Is there a better way to do this?

var mask: [4]u64 = undefined;
for (mask) |_, i|
    mask[i] = 0xffffffffffffffff;
mask[3] ^= ((u64(1) << @intCast(u6, (inner % 64) + 1)) - 1) << @intCast(u6, 64 - (inner % 64));
mask[2] ^= ((u64(1) << @intCast(u6, (@satSub(u32, inner, 64) % 64) + 1)) - 1) << @intCast(u6, 64 - (inner % 64));
mask[1] ^= ((u64(1) << @intCast(u6, (@satSub(u32, inner, 128) % 64) + 1)) - 1) << @intCast(u6, 64 - (inner % 64));
mask[0] ^= ((u64(1) << @intCast(u6, (@satSub(u32, inner, 192) % 64) + 1)) - 1) << @intCast(u6, 64 - (inner % 64));
Federico klez Culloca
  • 26,308
  • 17
  • 56
  • 95
Shawn Landden
  • 73
  • 1
  • 8
  • 4
    What with that link to localhost? – Federico klez Culloca Apr 15 '19 at 15:22
  • What architecture are you programming for? What instruction set extensions can you use? What language are you programming in? – fuz Apr 15 '19 at 15:27
  • 1
    @fuz "What language are you programming in?" Zig, as mentioned in the question (but not in the tags, for some reason) – Federico klez Culloca Apr 15 '19 at 15:28
  • `|_, i|` - what programming language is this? EDIT: Zig.. never heard of it but OK.. If I read your description correctly you only need 255 different masks - have you considered a look-up table? – tum_ Apr 15 '19 at 15:28
  • @tum_ "`|_, i|` - what programming language is this?" it's Zig, it's written in the question. – Federico klez Culloca Apr 15 '19 at 15:30
  • here is the algorithm for 64-bits https://stackoverflow.com/questions/1392059/algorithm-to-generate-bit-mask – Shawn Landden Apr 15 '19 at 15:31
  • 2
    @ShawnLandden Given that your question is tagged as `assembly`, it seems like you might want optimised assembly code. Is that so? If yes, please let me know what architecture and instruction set extensions you are programming for. If no, consider removing the `assembly` tag. – fuz Apr 15 '19 at 15:35
  • How much is "many instructions"? How much would be acceptable? What does the code compile to currently? – EOF Apr 15 '19 at 15:40

2 Answers2

3

Are you targeting x86-64 with AVX2 for 256-bit vectors? I thought that was an interesting case to answer for.

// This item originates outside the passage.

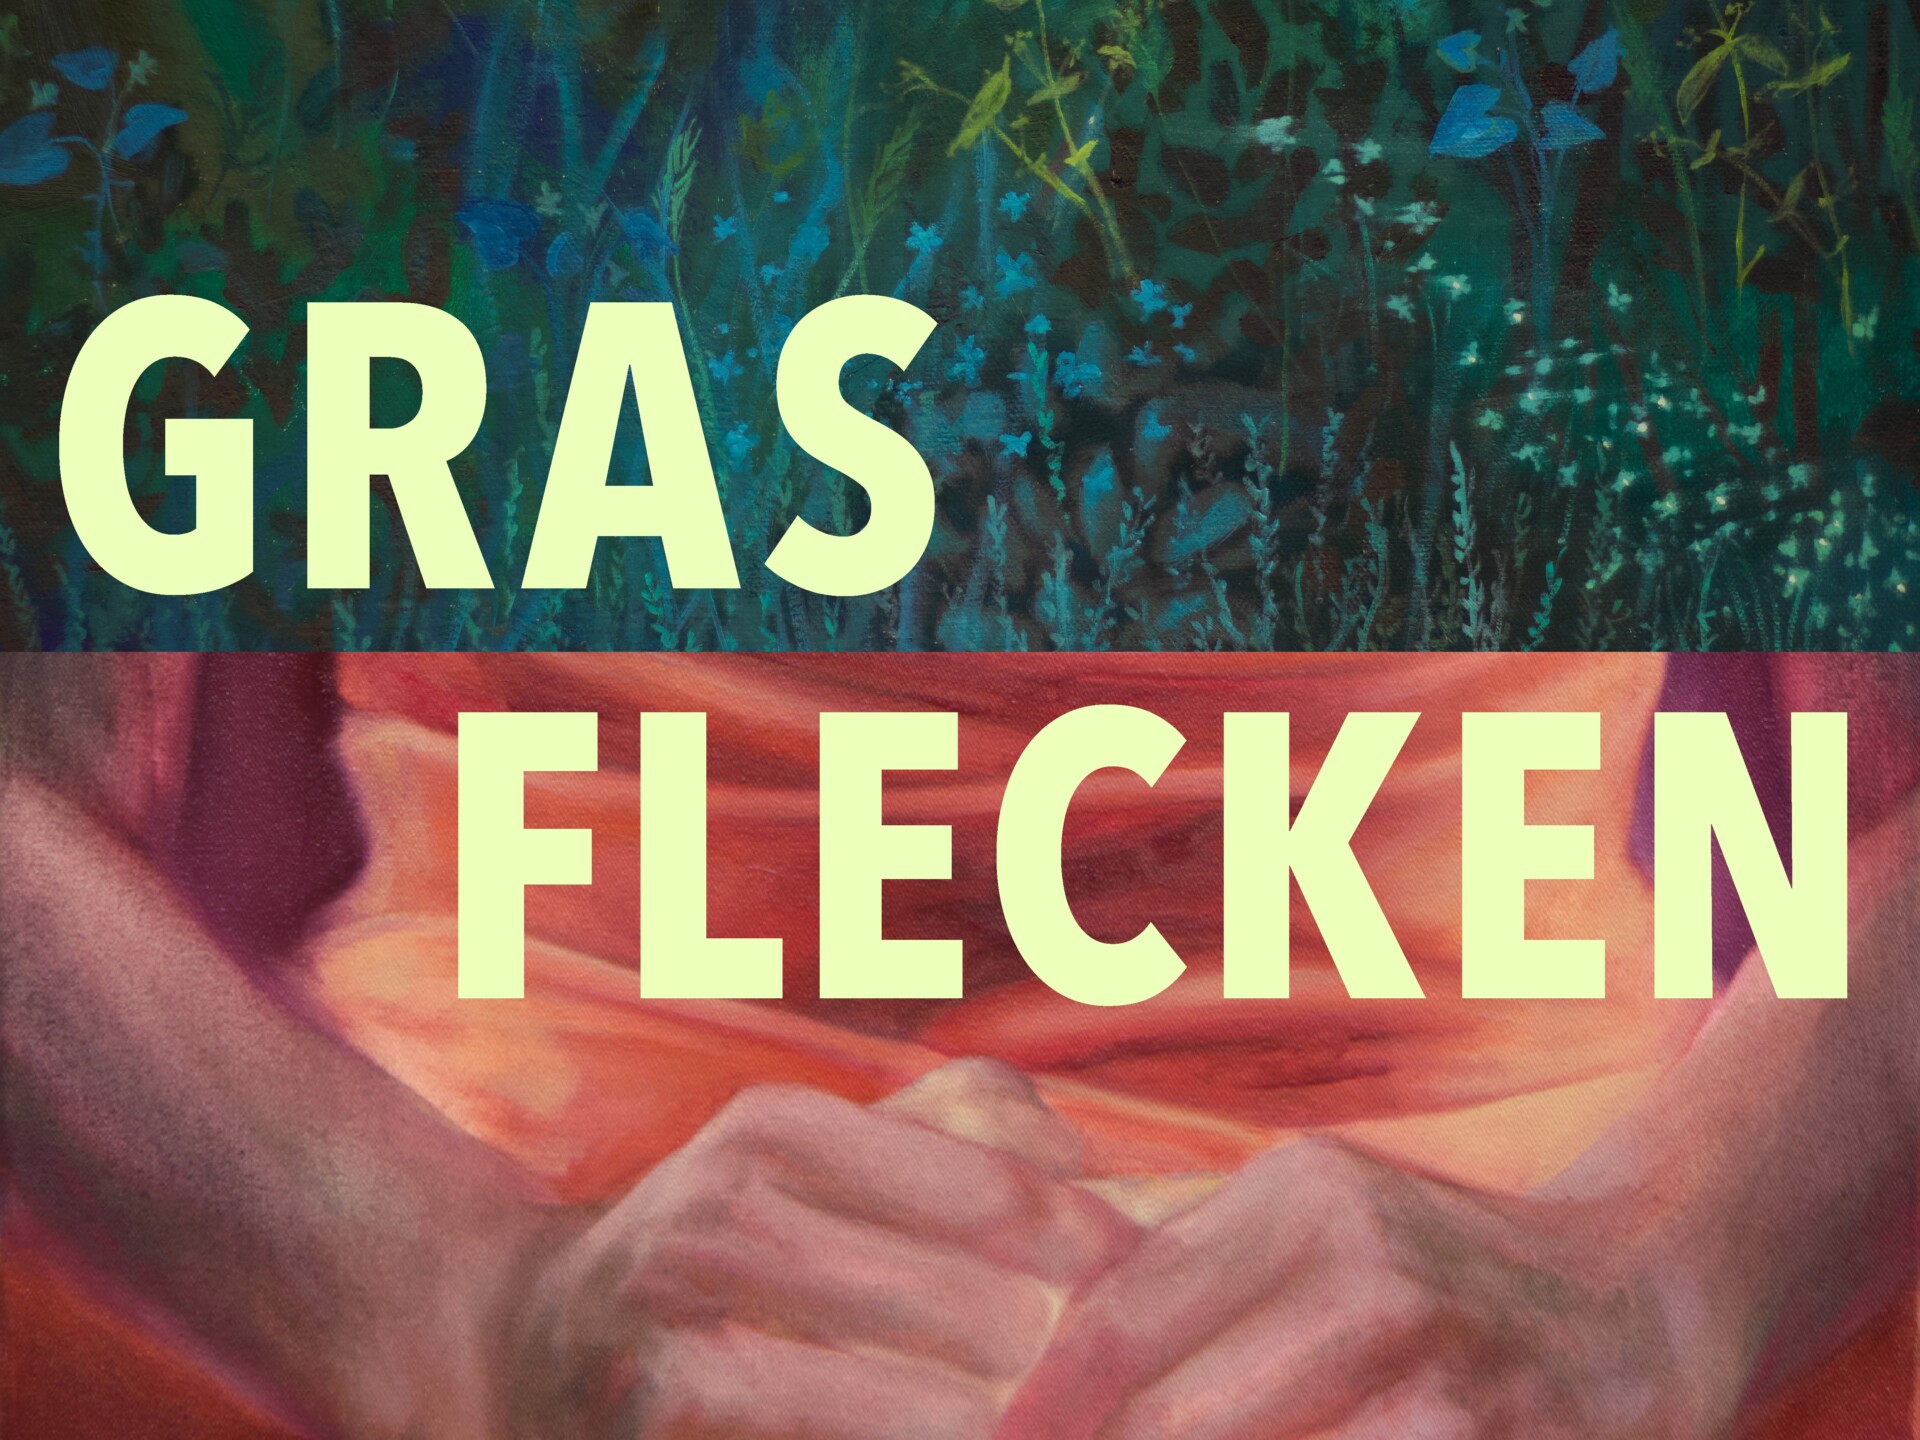 Grasflecken - Eine Ausstellung von Michelle Mousavi und Svea Kittel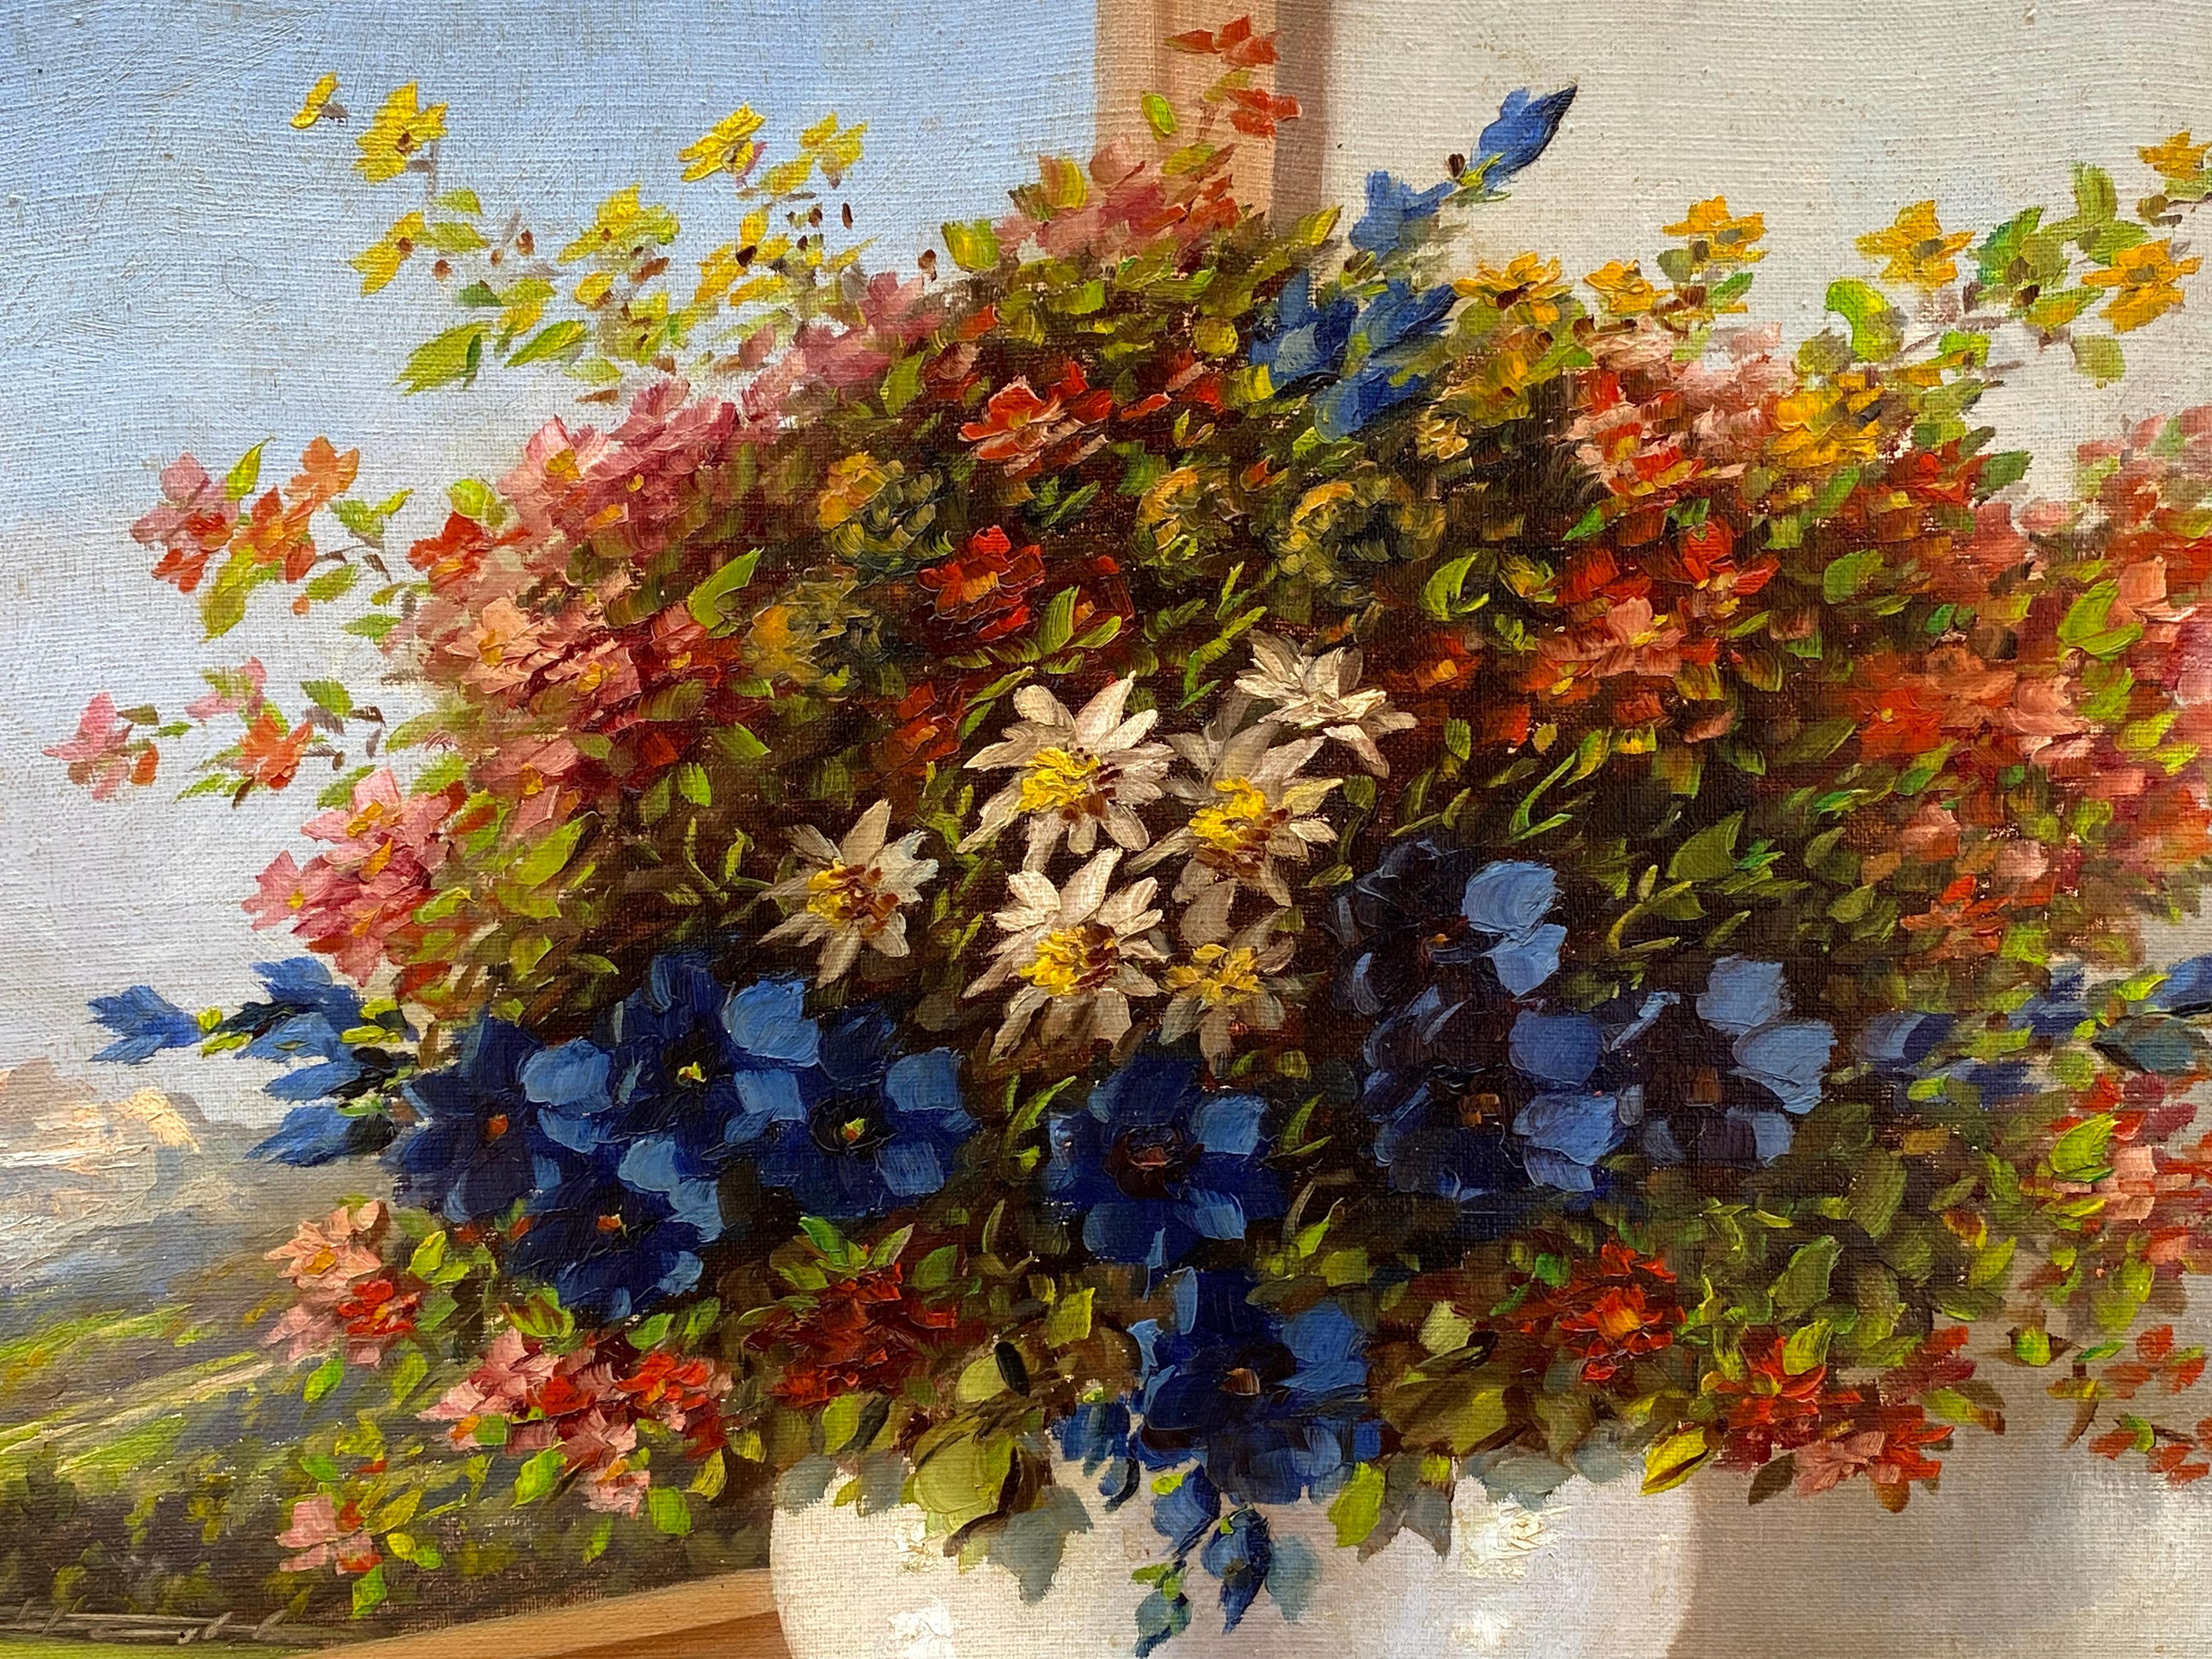 Blumenstrauß mit Wildblumen in Landschaft (Post-Impressionismus), Painting, von Keist Vakovic

If so, you can do this in a few instructions using saturating subtraction and a variable count shift.

x86 SIMD shifts like vpsrlvq saturate the shift count, shifting all the bits out when the count is >= element width. Unlike integer shifts the shift count is masked (and thus wraps around).

For the lowest u64 element, starting with all-ones we need to leave it unmodified for bitpos >= 64. Or for smaller bit positions, right-shift it by 64-bitpos. Unsigned saturating subtraction looks like the way to go here, as you observed, to create a shift count of 0 for larger bitpos. But x86 only has SIMD saturating subtraction, and only for byte or word elements. But if we don't care about bitpos > 256, that's fine we can use 16-bit elements at the bottom of each u64, and let a 0-0 happen in the rest of the u64.

Your code looks pretty overcomplicated, creating (1<<n) - 1 and XORing. I think it's a lot easier to just use a variable-count shift on the 0xFFFF...FF elements directly.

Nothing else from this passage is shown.